According to one aspect of the present invention, a mapping process, illustratively built on the Unity software platform, takes 3D models/objects (e.g., of "Filmbox" or ".fbx" or "FBX" file type) and maps the model's specified points (e.g., joints) to tracking points (e.g., joints) of a user that are tracked by the video processing system (e.g., a video processing process in conjunction with a tracking process). Once the positions and movements of the user are mapped, the user's facial expression may then be determined, as described herein. Though various video processing systems can track any number of points, the illustrative system herein (e.g., the KINECT™ system) is able to track twenty- five body joints and fourteen facial joints, as shown in FIGS. 5A and 5B, respectively. In particular, as shown in FIG. 5A, data 500 (video data) may result in various tracked points 510 comprising primary body locations (e.g., bones/joints/etc), such as, e.g., head, neck, spine_shoulder, hip_right, hip_left, etc. Conversely, as shown in FIG. 6B, tracked points 520 may also or alternatively comprise primary facial expression points arise from data 530, such as eye positions, nose positions, eyebrow positions, and so on. Again, more or fewer points may be tracked, and those shown herein (and the illustrative KINECT™ system) are merely an illustrative example.
Notably, the specific technique used to track points 510, 520 is outside the scope of the present disclosure, and any suitable technique may be used to provide the tracked/skeletal data from the video processing system. In particular, while FIGS. 5A and 5B illustrate point-based tracking, other devices can be used with the techniques herein that are specifically based on skeletal tracking, which can reduce the number of points needed to be tracked, and thus potentially the amount of processing power needed.
An example holographic projection system according to one or more
embodiments described herein generally comprises hardware that enables holographic projections based on the well-known "Pepper's Ghost Illusion". In particular, though many holographic techniques may be used, an illustrative system based on the Pepper's Ghost Illusion is shown in FIG. 6, illustrating an example of a holographic projection system 600. Particularly, the image of the AI character and/or avatar (or other object) may be projected onto a reflective surface, such that it appears on a screen angled and the audience sees the person or object and not the screen (e.g., at approximately 45 degrees). If the screen is transparent, this allows for other objects, such as other live people, to stand in the background of the screen, and to appear to be standing next to the
holographic projection when viewed from the audience.

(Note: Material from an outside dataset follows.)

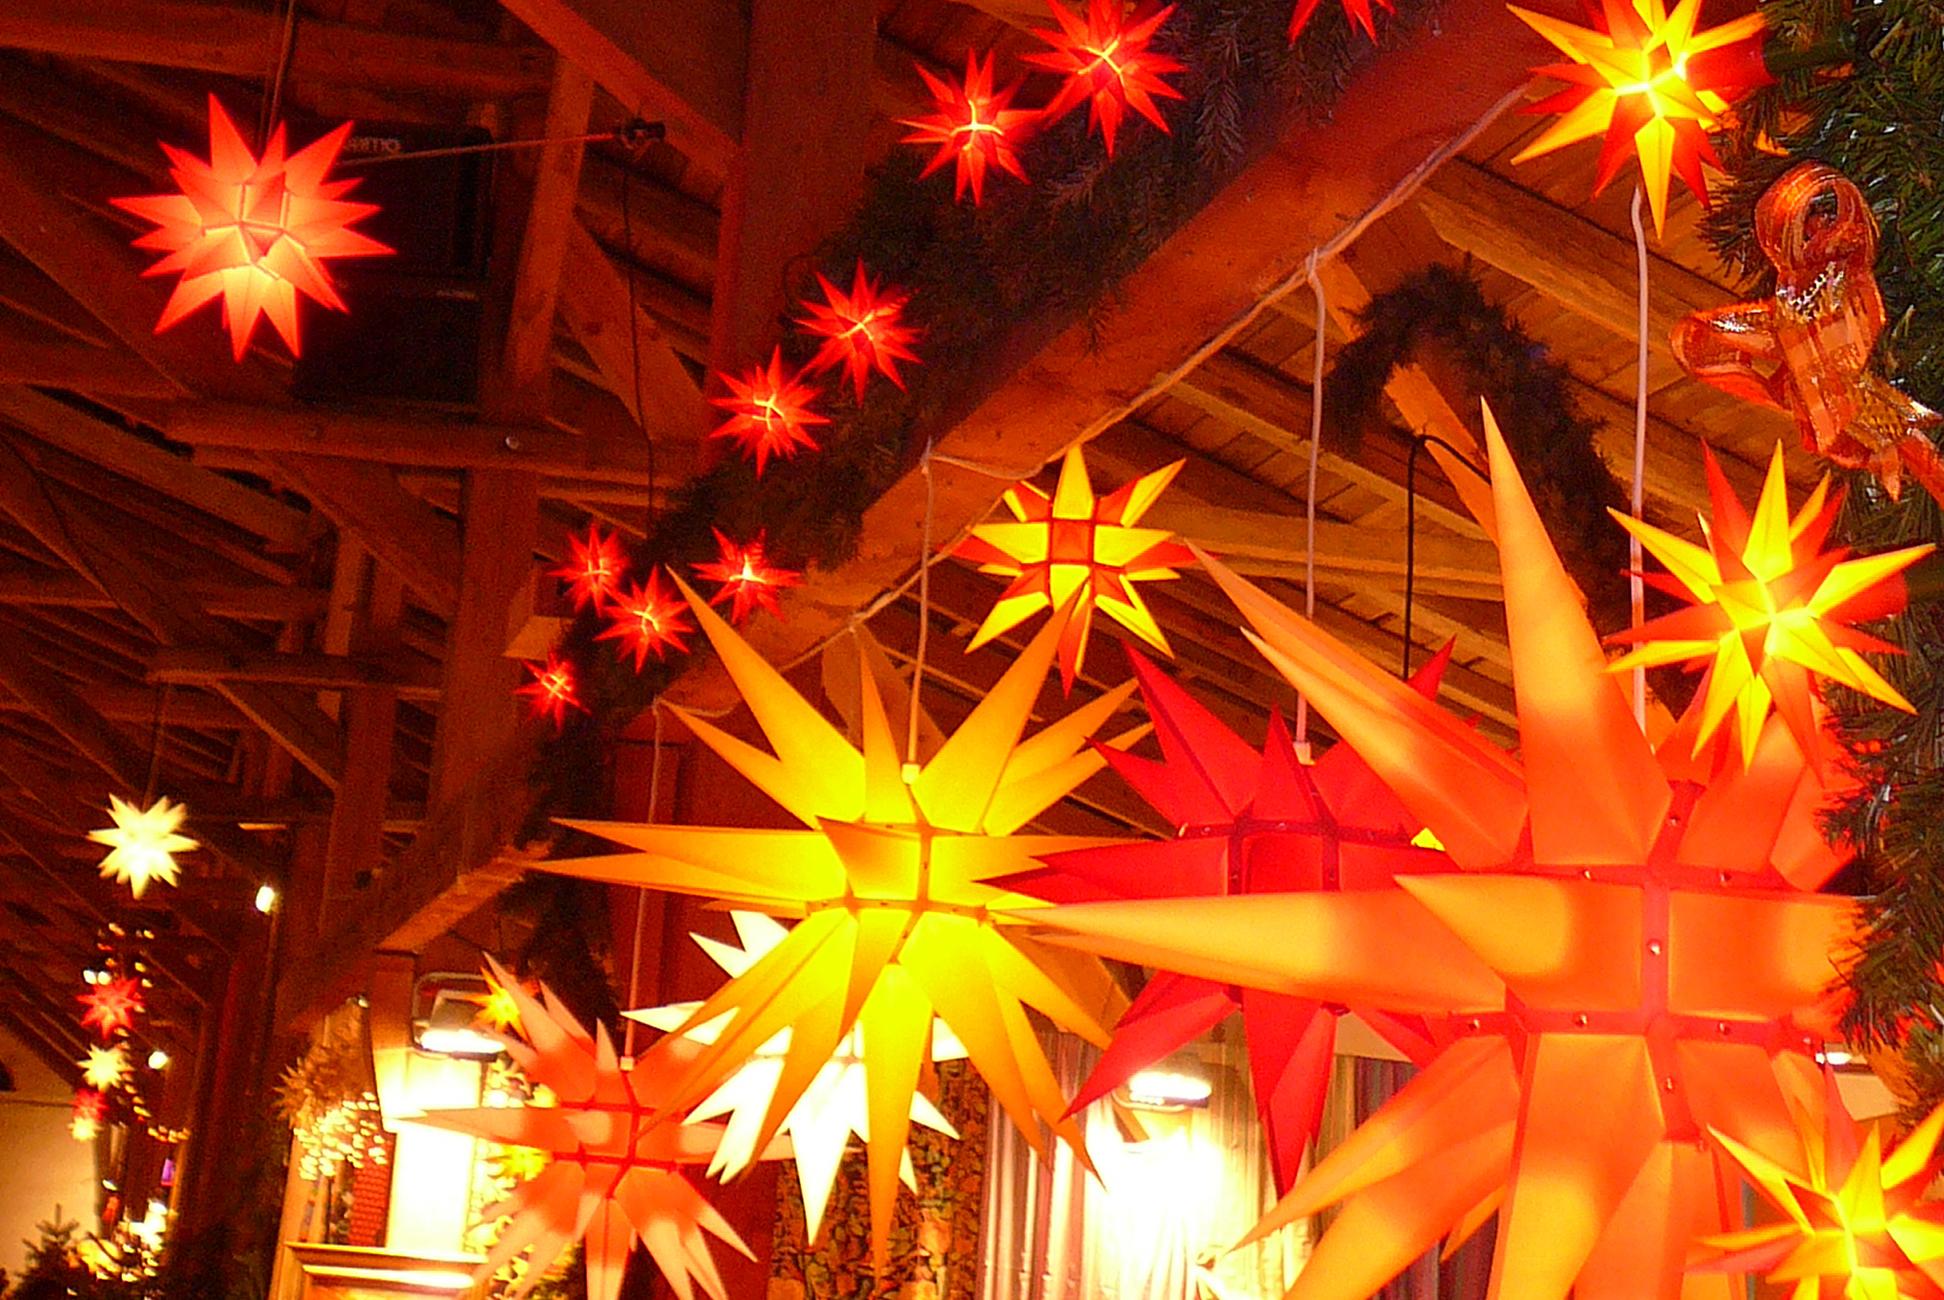 Pronstorfer-Weihnacht7

In addition to projection-based systems, according to one or more embodiments of the invention herein, and with reference generally to FIGS. 7 A and 7B, the hologram projection system 700 may be established with an image source 770, such as video panel displays, such as LED or LCD panels as the light source. The stick figure 760 illustrates the viewer, that is, from which side one can see the holographic projection in front of a background 750. (Notably, the appearance of glasses on the stick figure 760 is not meant to imply that special glasses are required for viewing, but are merely to illustrate the direction the figure is facing.)
The transparent screen 720 is generally a flat surface that has similar light properties of clear glass (e.g., glass, plastic such as Plexiglas or tensioned plastic film). As shown, a tensioning frame may be used to stretch a clear foil into a stable, wrinkle- free (e.g., and vibration resistant) reflectively transparent surface (that is,
displaying/reflecting light images for the holographic projection, but allowing the viewer to see through to the background). Generally, for larger displays it may be easier to use a tensioned plastic film as the reflection surface because glass or rigid plastic (e.g., Plexiglas) is difficult to transport and rig safely.
The light source itself can be any suitable video display panel, such as a plasma screen, an LED wall, an LCD screen, a monitor, a TV, etc. When an image (e.g., stationary or moving) is shown on the video display panel, such as a person or object within an otherwise black (or other stable dark color) background, that image is then reflected onto the transparent screen (e.g., tensioned foil or otherwise), appearing to the viewer (shown as the stick figure) in a manner according to Pepper's Ghost Illusion.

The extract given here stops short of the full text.